- Born: Denford Coll McDonald 9 April 1929 Tapanui, New Zealand
- Died: 1 February 2020 (aged 90) Wellington, New Zealand

= Denford McDonald =

New Zealand businessman (1929–2020)

Denford Coll McDonald (9 April 1929 – 1 February 2020) was a New Zealand mechanical engineer and businessman most closely associated with the motor vehicle industry. He was chief executive officer and then chair of Mitsubishi New Zealand.

==Biography==
Born in the small Otago town of Tapanui on 9 April 1929, McDonald was the son of Ada McDonald (née Denford) and James Charles Alexander McDonald. He was educated at Southland Boys' High School, before studying mechanical engineering at Canterbury University College, and graduating Bachelor of Engineering in 1952.

McDonald joined Todd Motors as a graduate trainee engineer in 1952, and rose to become general manager in 1984. In 1987, Todd Motors was sold to Mitsubishi Motors, and McDonald became the chief executive officer of Mitsubishi New Zealand. In 1995, he was appointed as chairman of Mitsubishi New Zealand.
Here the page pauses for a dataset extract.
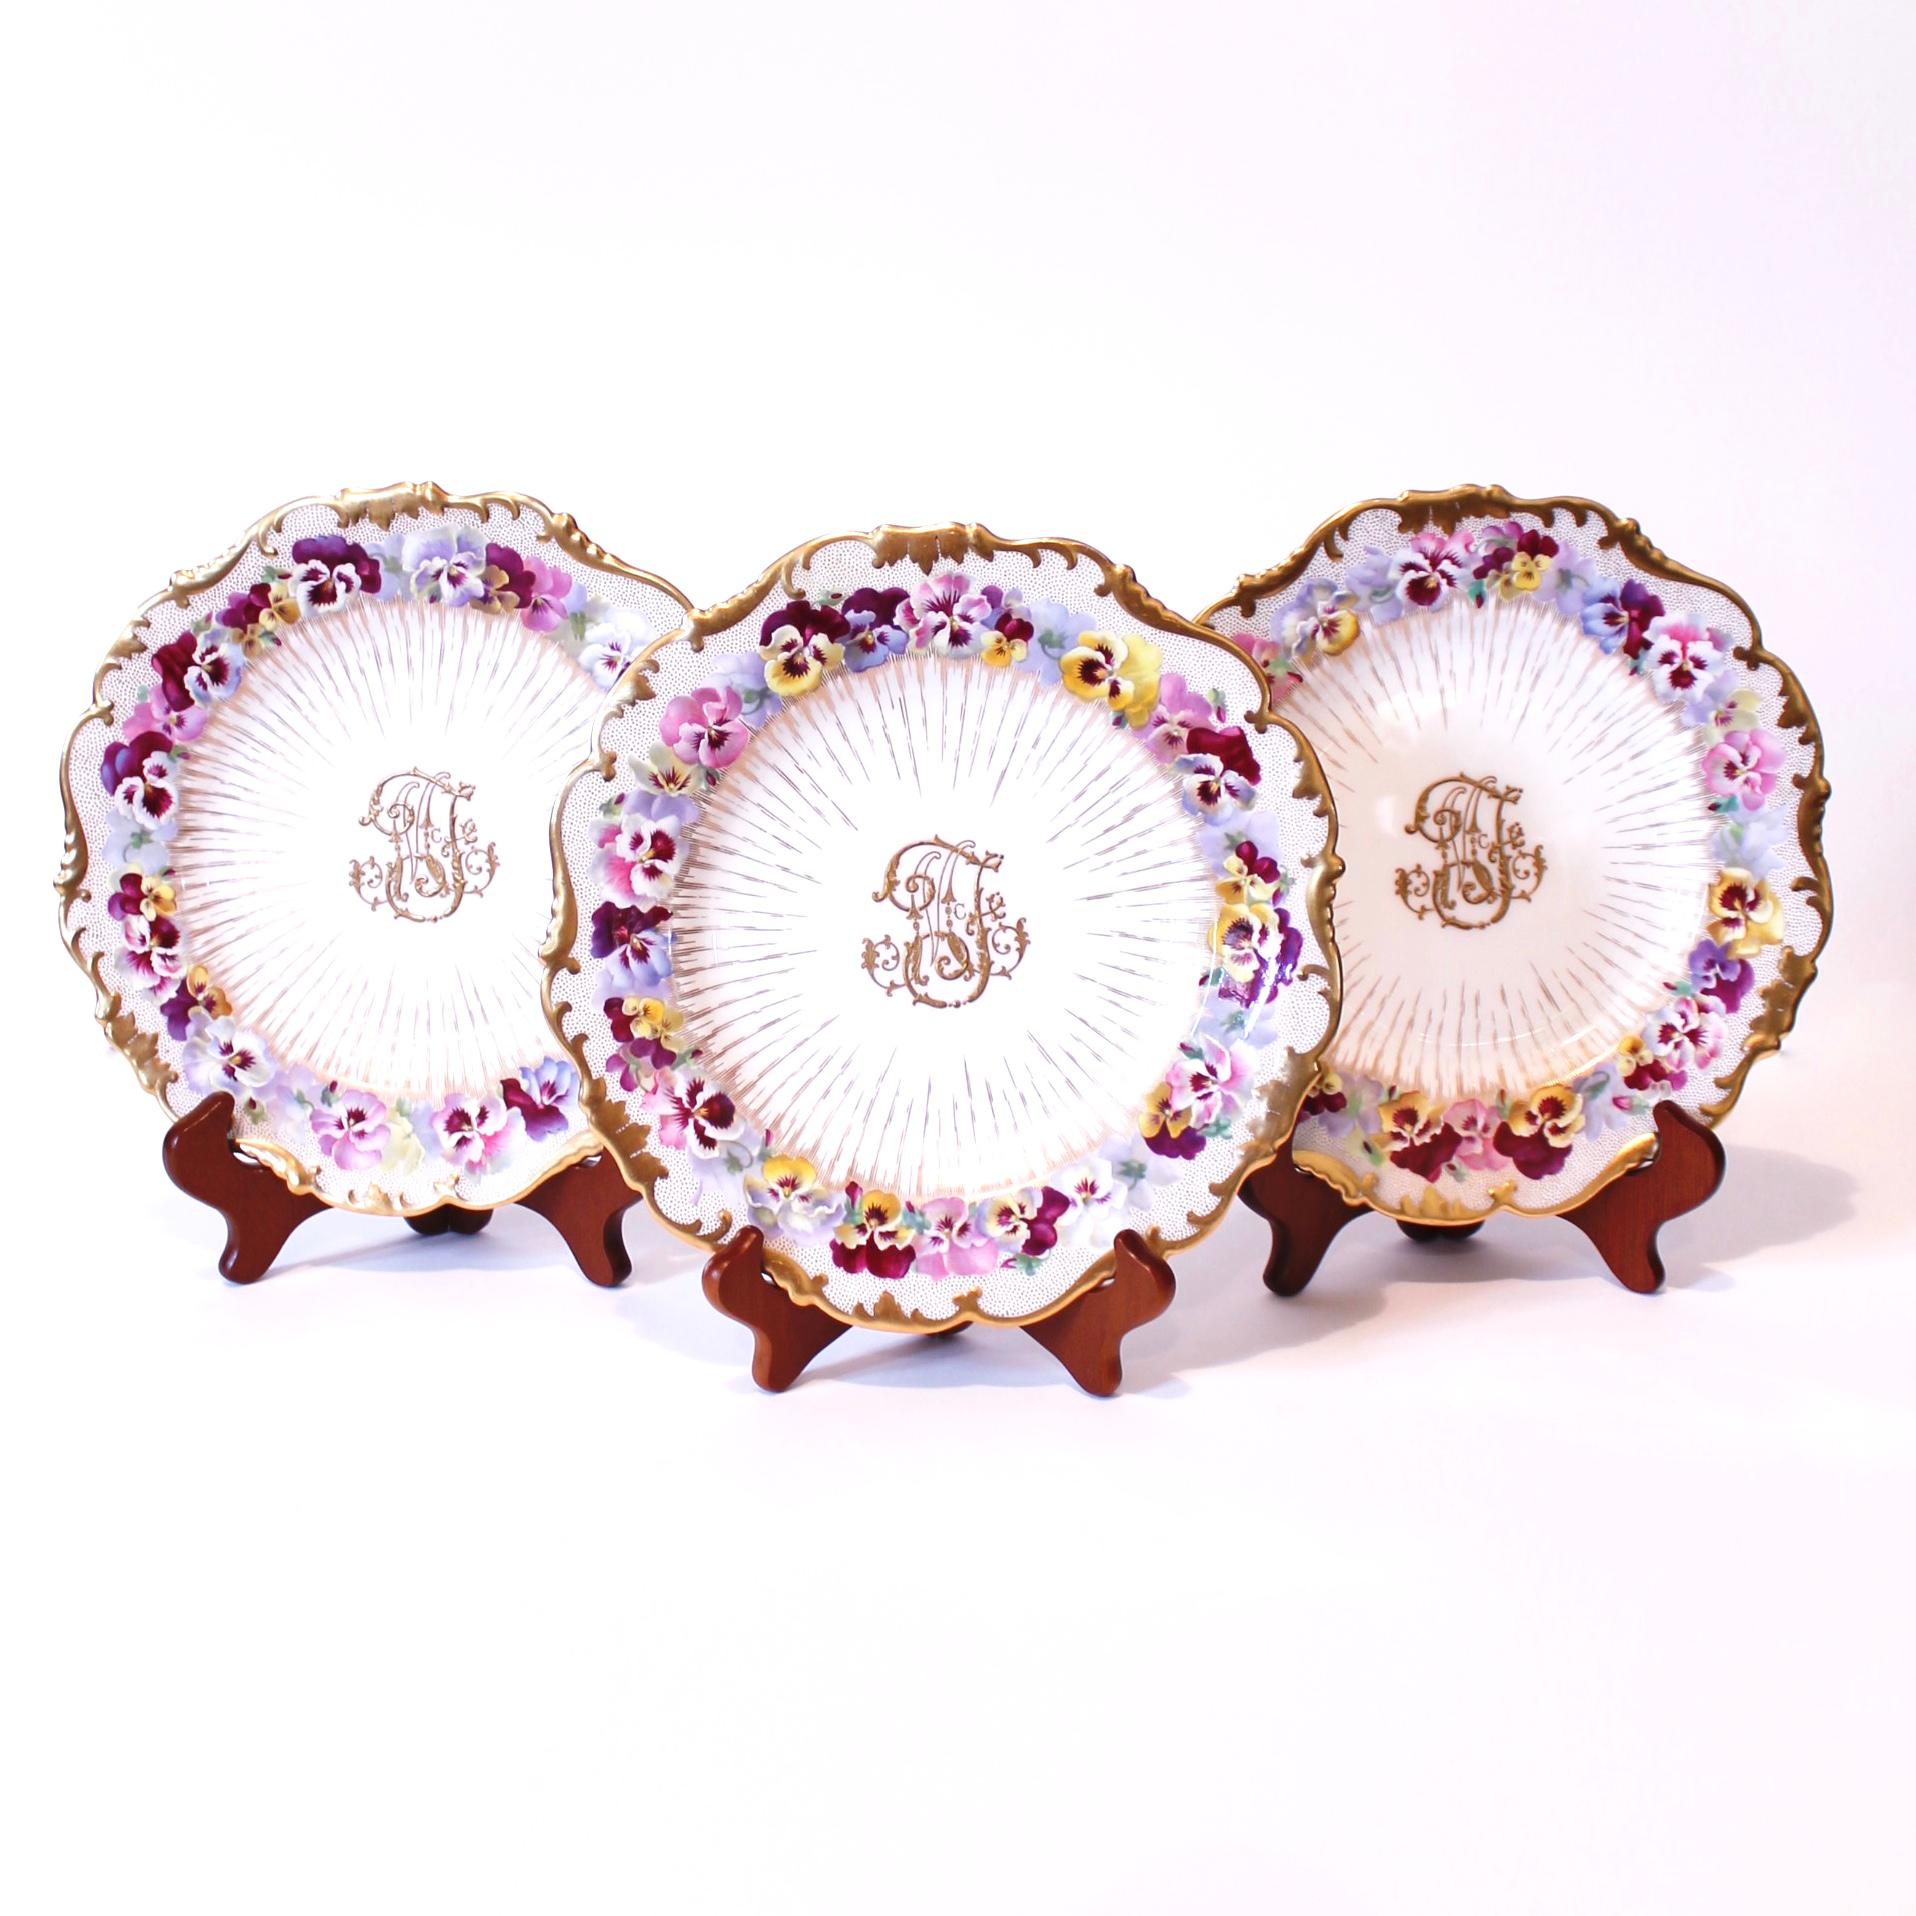 A remarkably large and beautiful set of richly gilt decorated antique English porcelain dessert plates made by Cauldon, probably dating ca. 1910. Each plate is unique with each rim hand painted with a fresh hued garland of pansies. All are in

Other corporate and governance roles undertaken by McDonald include being on the boards of the New Zealand Standards Council, Energy Direct and Television New Zealand, and as deputy chairman of the New Zealand Qualifications Authority. He also was chair of the Wellington Institute of Technology council, and the student hub at that institution, opened in 2009, was named in McDonald's honour.

In the 1989 Queen's Birthday Honours, McDonald was appointed an Officer of the Order of the British Empire, for services to the motor vehicle industry. He was also a Fellow of the New Zealand Institute of Management.

McDonald died at this home in Wellington on 1 February 2020.